Now if you were to change the numbers in two different assertEquals statements and then rerun the tests, JUnit would report two failures instead of one. Note that it is also easier to tell which test failed, because each of the names of the methods reported in the "Failures" area of the JUnit test runner correspond to a single test.

However, we now have four repetitions of the line

    Collection<String> collection = new ArrayList<String>();

because the same setup — here, the creation of a collection object — is needed by each test.

This redundancy can be reduced by using a test fixture. According to the JUnit FAQ:

A test fixture is useful if you have two or more tests for a common set of objects. Using a test fixture avoids duplicating the test code necessary to initialize and cleanup those common objects for each test.

A test fixture is just like a test case, but adds a setUp and (optionally) tearDown method to do whatever initialization and cleanup is necessary before and after executing each test. (Note that the initialization is performed prior to each test, so that each test is executed in a new test fixture. The use of a setUp method only saves on the writing of redundant code, not on its execution during testing.)

Revise your tests by factoring out the common initialization statement and putting it in a setUp method. (No tearDown method is needed in this case.)
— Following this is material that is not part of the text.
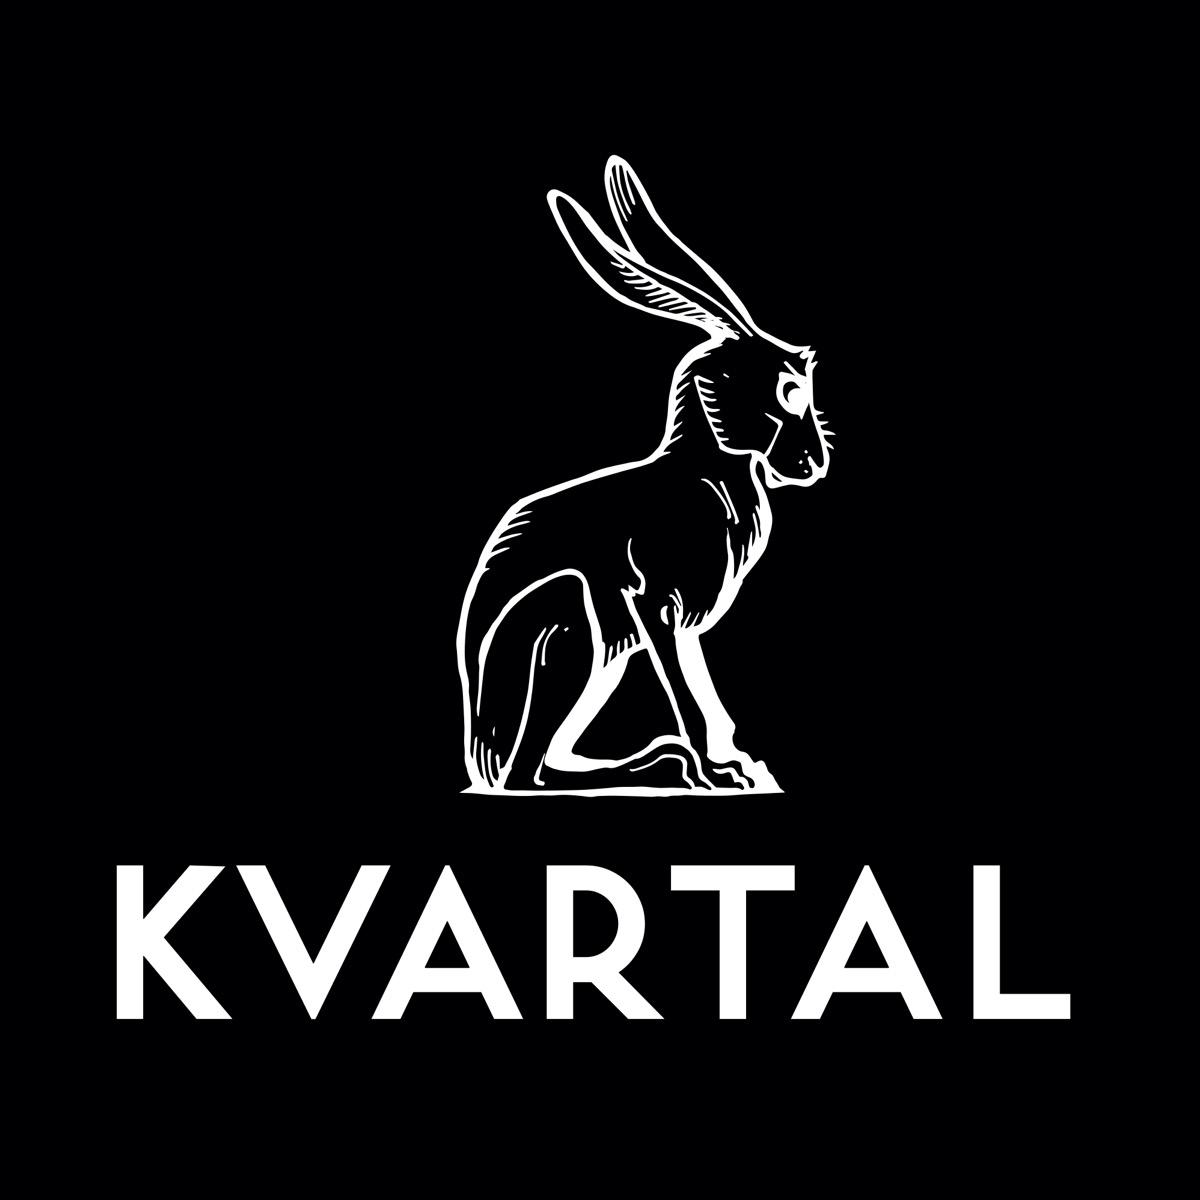 Kvartal - logo

  1. Add an attribute to the class so that a collection object can be created in a setUp method but accessed by the various test methods:

        Collection<String> collection
  2. Add a setUp method, as follows:

        protected void setUp() 
        {
            collection = new ArrayList<String>();
        }
    
  3. Remove the object initialization statement from each test:

        public void testEmptyCollection() 
        {
            assertTrue(collection.isEmpty());
        }
    
        public void testCollectionAdd0() 
        {
            assertEquals(0, collection.size());
        }
    
        public void testCollectionAdd1() 
        {
            collection.add("itemA");
            assertEquals(1, collection.size());
        }
    
        public void testCollectionAdd2() 
        {
            collection.add("itemA");
            collection.add("itemB");
            assertEquals(2, collection.size());
        }
    

Resources

.Unit Testing in Eclipse Using JUnit — This is a more complete introduction to the use of JUnit in Eclipse, created by Laurie Williams and her team at North Carolina State University. It includes an exercise based on an application that is known to have bugs in it; students are supposed to use unit testing to identify and fix 5 known bugs in the code, based on the user stories provided as requirements documentation for the application.